A Look Forward to AdvaMed 2014 with Ray Briscuso


AdvaMed 2014, October 6-8 McCormick Place









This fall, for the first time ever, Chicago will host AdvaMed’s Annual MedTech Conference. The Medtech community in Illinois employes more than 11,800 direct jobs that support an additional 27,000 jobs, and it provides $9.5 billion in economic output. The medtech industry in Illinois is the only bioscience segment that demonstrated significant employment growth since 2007, driven mostly by increased commercialization and formation of new companies.

AdvaMed will be hosting a networking event on June 19th at Rush, visit our Calendar for more information. 

Ray Briscuso at the 2014 iBIO IndEx

At the iBIO IndEx conference last month I had the opportunity to sit down with Ray Briscuso, the producer of AdvaMed’s Annual MedTech Conference.

Ray, can you give me the quick download on this conference.

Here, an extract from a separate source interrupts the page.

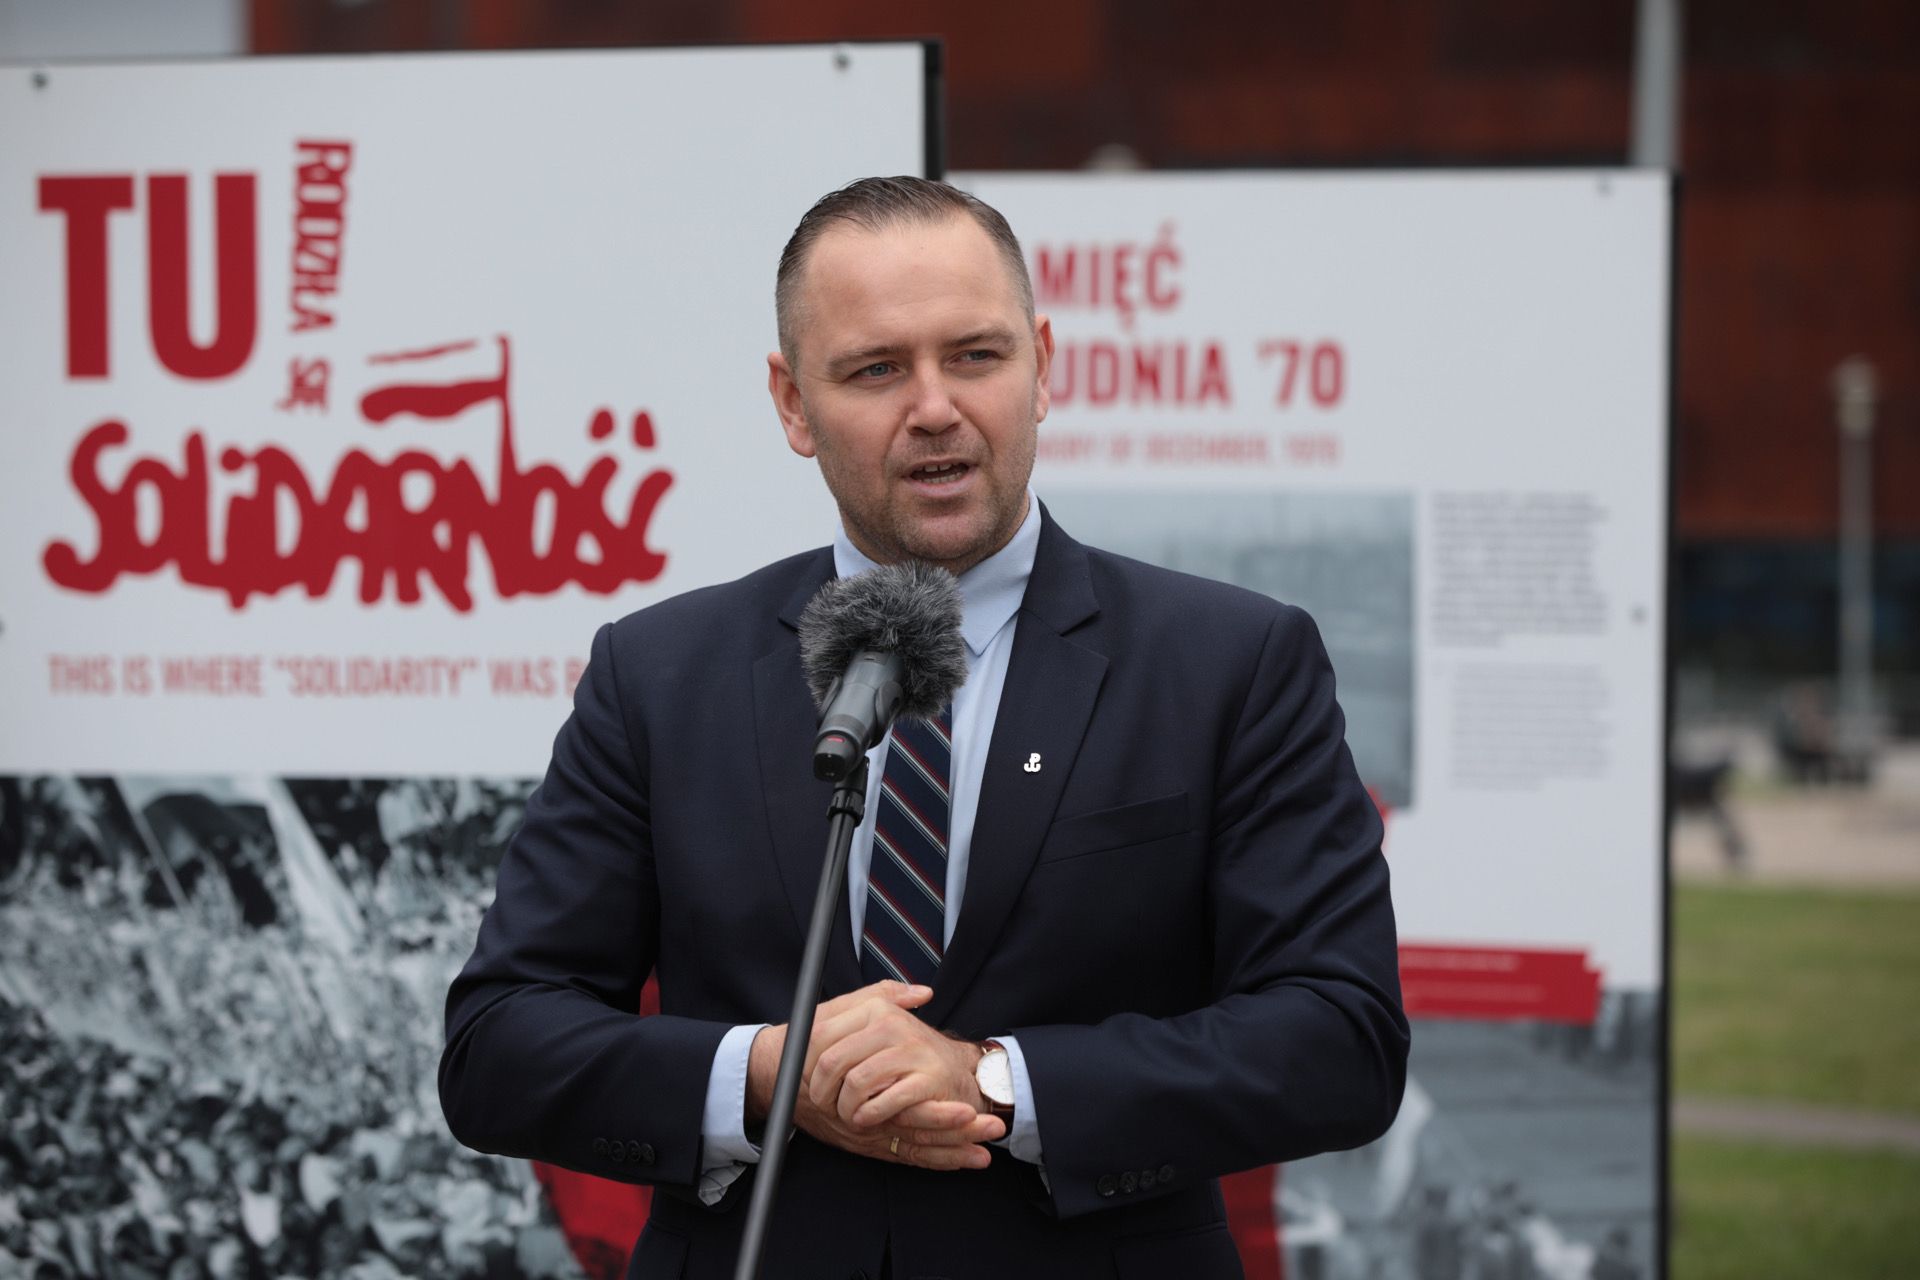 Prezes IPN dr Karol Nawrocki podczas prezentacji wystawy IPN „TU rodziła się Solidarność” na placu Solidarności w Gdańsku – 31 sierpnia 2021. Fot. Mikołaj Bujak (IPN)
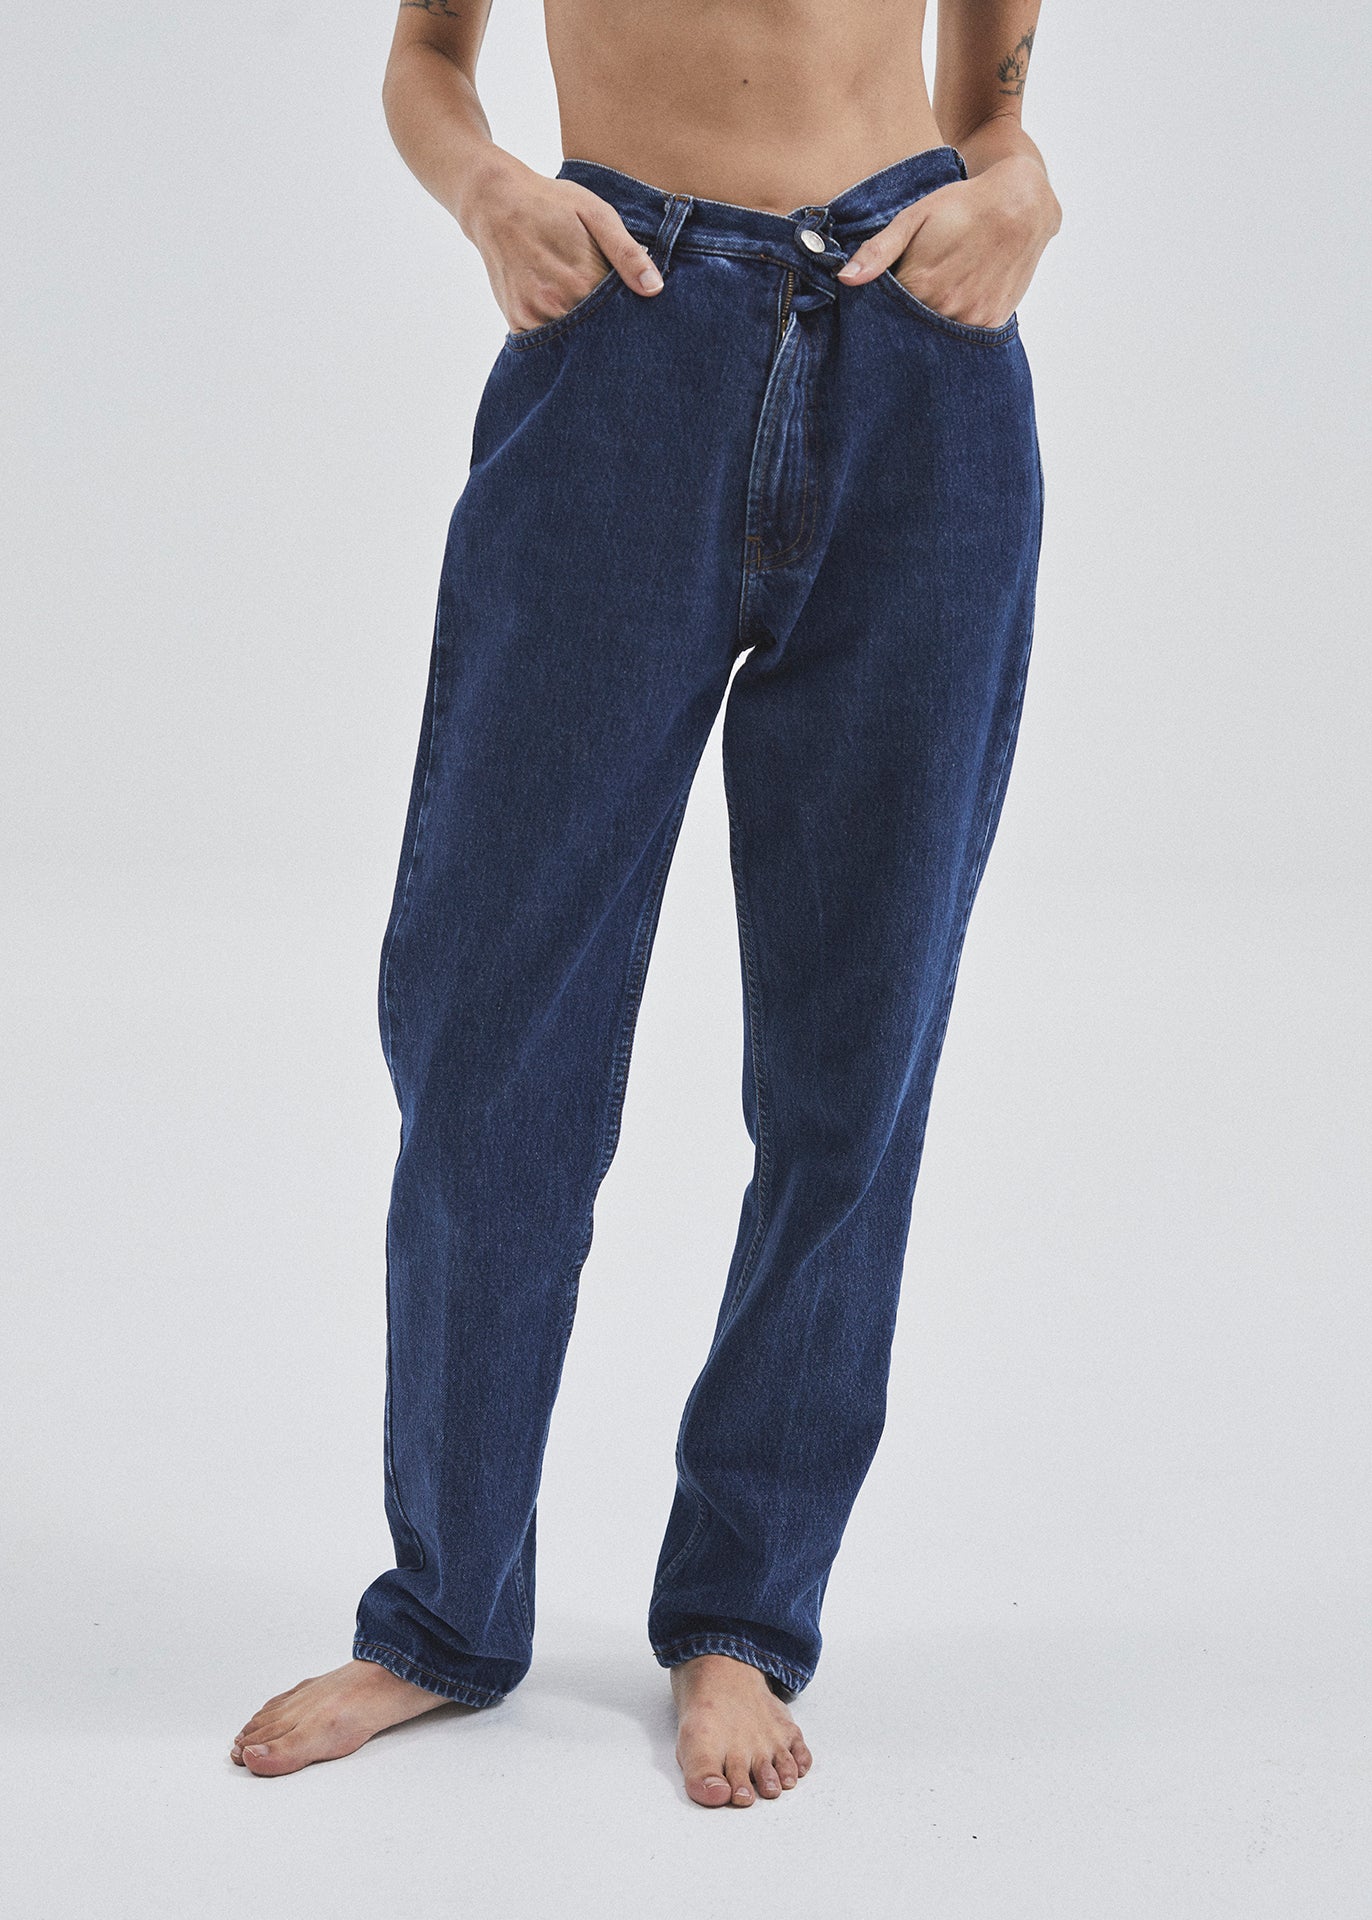 Ralph Lauren jeans - 28

Sure – in brief, AdvaMed’s annual conference is a combination of about eight related events all staged at one place and one time to bring together the decision makers, investors, regulators and other key stakeholders from the global device and diagnostic industry. The conference is the convergence of meetings that include a world-class investors conference, a CEO Summit, a Regulatory conference, a Payment/Reimbursement meeting, a Legal/Compliance conference, combined with a healthy mix of international policy, e-health and DX/IVD (diagnostic and in vitro diagnostic) attention.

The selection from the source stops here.